PROVIDENCE -- A six-member jury in Rhode Island has found the Parke-Davis pharmaceutical company guilty of failing to properly warn a pregnant woman that she might give birth to a defective child because she was taking the anti-epilepsy drug Dilantin.

The jury, after deliberating 11 hours in a case that lasted six weeks, awarded the woman's twin sons compensatory and punitive damages totaling nearly $14 million. The verdict was rendered two weeks ago.

Sandra Keenan of Seekonk, Mass., claimed that she was told by two doctors in 1977 that she could safely use the drug during her pregnancy. In July 1978, she gave birth to twins who had abnormal facial features and did not walk until after their second birthday.

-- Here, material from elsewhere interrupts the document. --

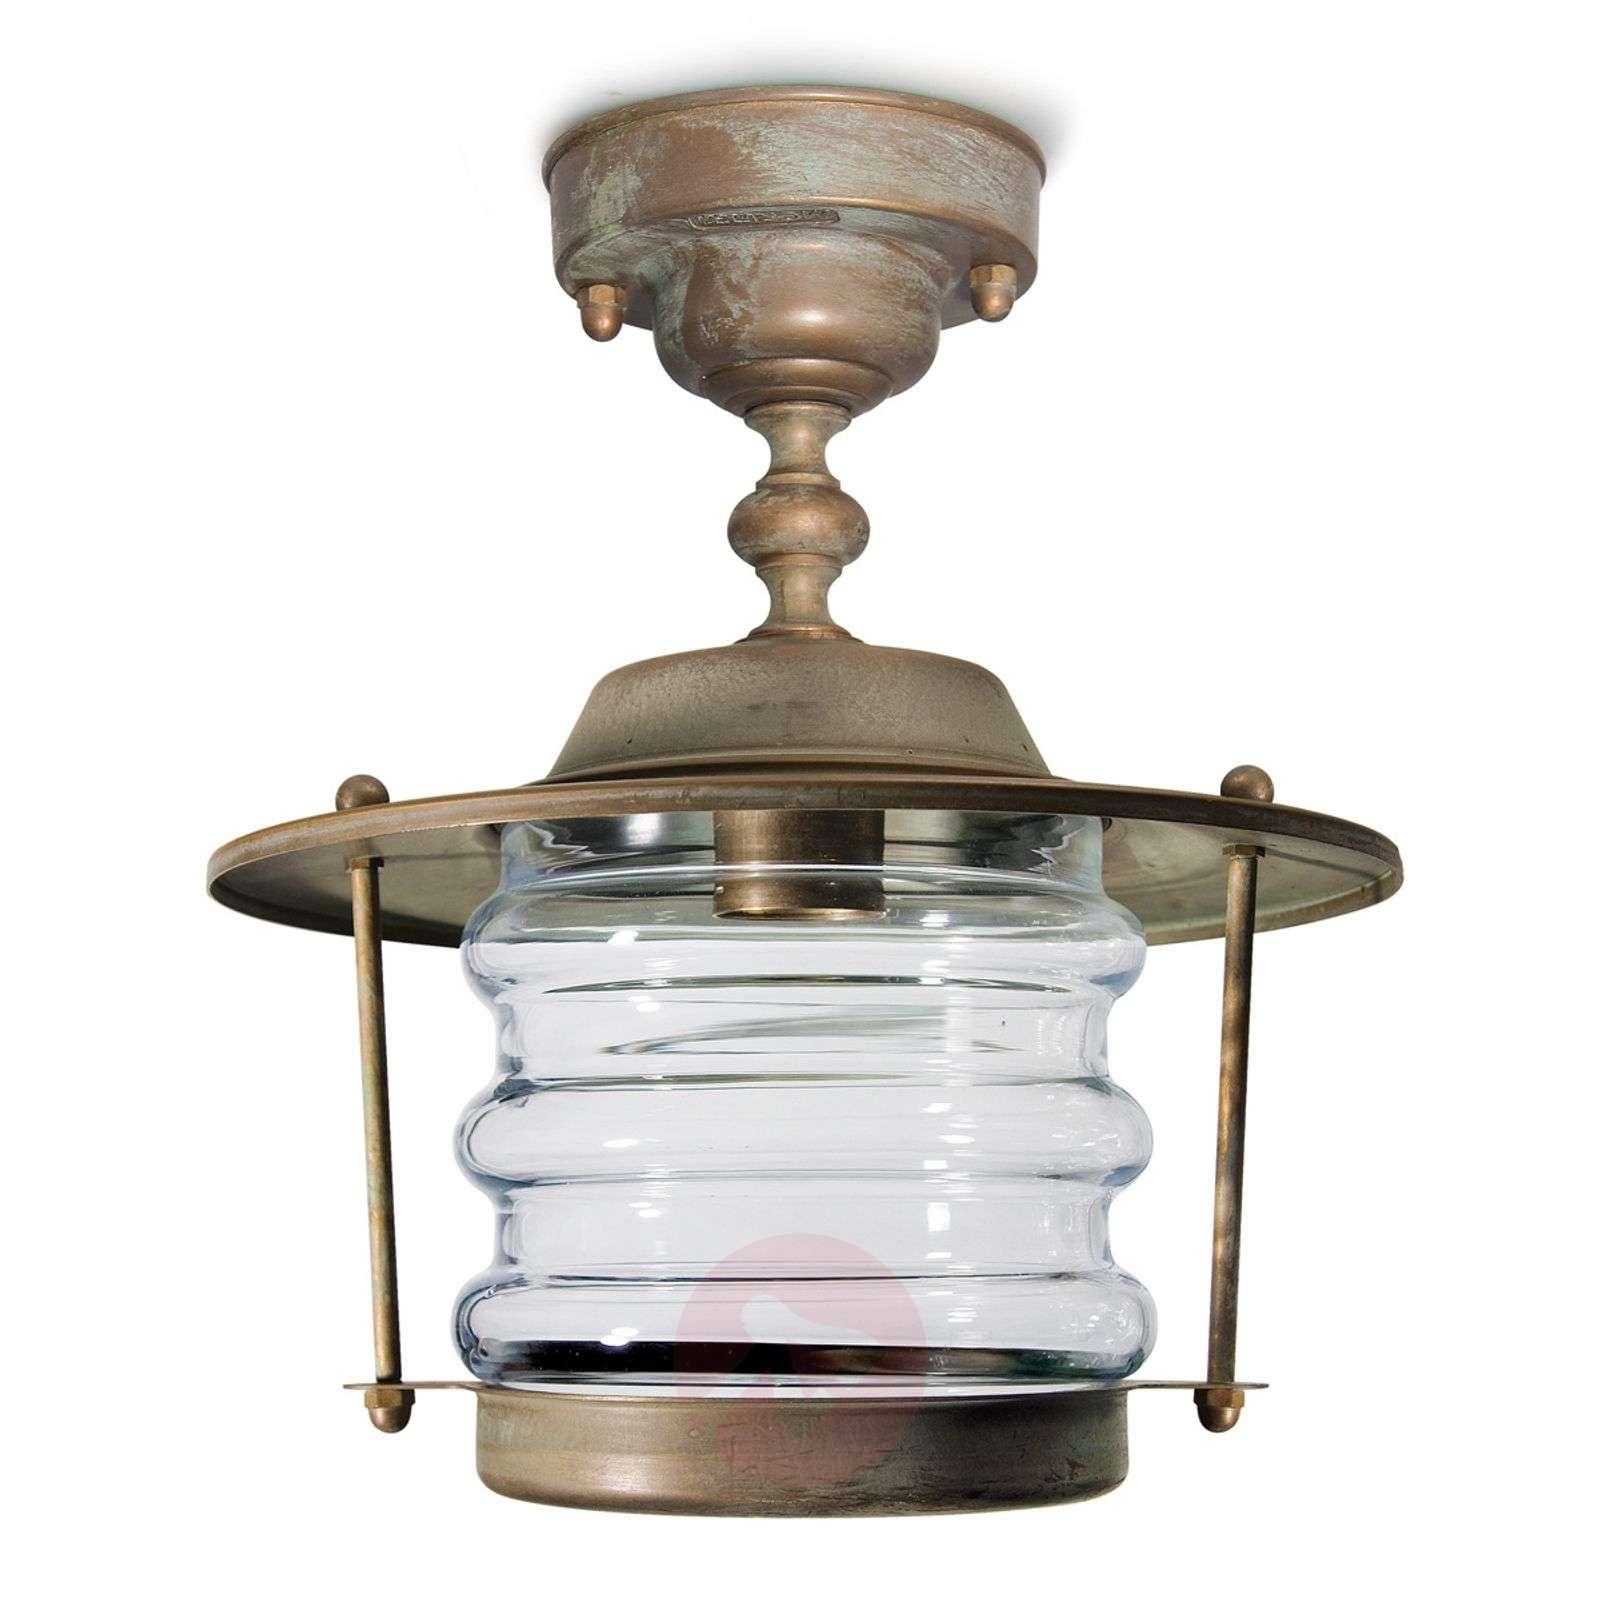 Outdoor ceiling light Adessora seawater-res.-6515256-01

Max Wistow, Keenan's attorney, claimed that the twins suffered from fetal hydantoin syndrome, which has been linked to Dilantin exposure during pregnancy. The condition causes a variety of physical deformities and retardation. Wistow contended that the children are so severely damaged they will never be able to live independently.

Wistow also produced evidence suggesting that Parke-Davis, which began marketing Dilantin in 1938, knew in the late 1960s that the drug carried a risk of birth defects. Even so, he argued, the company was slow to strengthen the warning label.

During the trial, the company argued that its labels were adequate, that it has been difficult to demonstrate that the drug causes birth defects and that the Keenan twins were not suffering from fetal hydantoin syndrome.

The jury disagreed and awarded $4 million in compensatory damages and nearly $10 million in punitive damages.

The American College of Obstetrics and Gynecology estimated in 1985 that 10 percent of the pregnant women taking Dilantin will give birth to a child with serious problems. Another 30 percent, it was estimated, would have babies with less serious defects.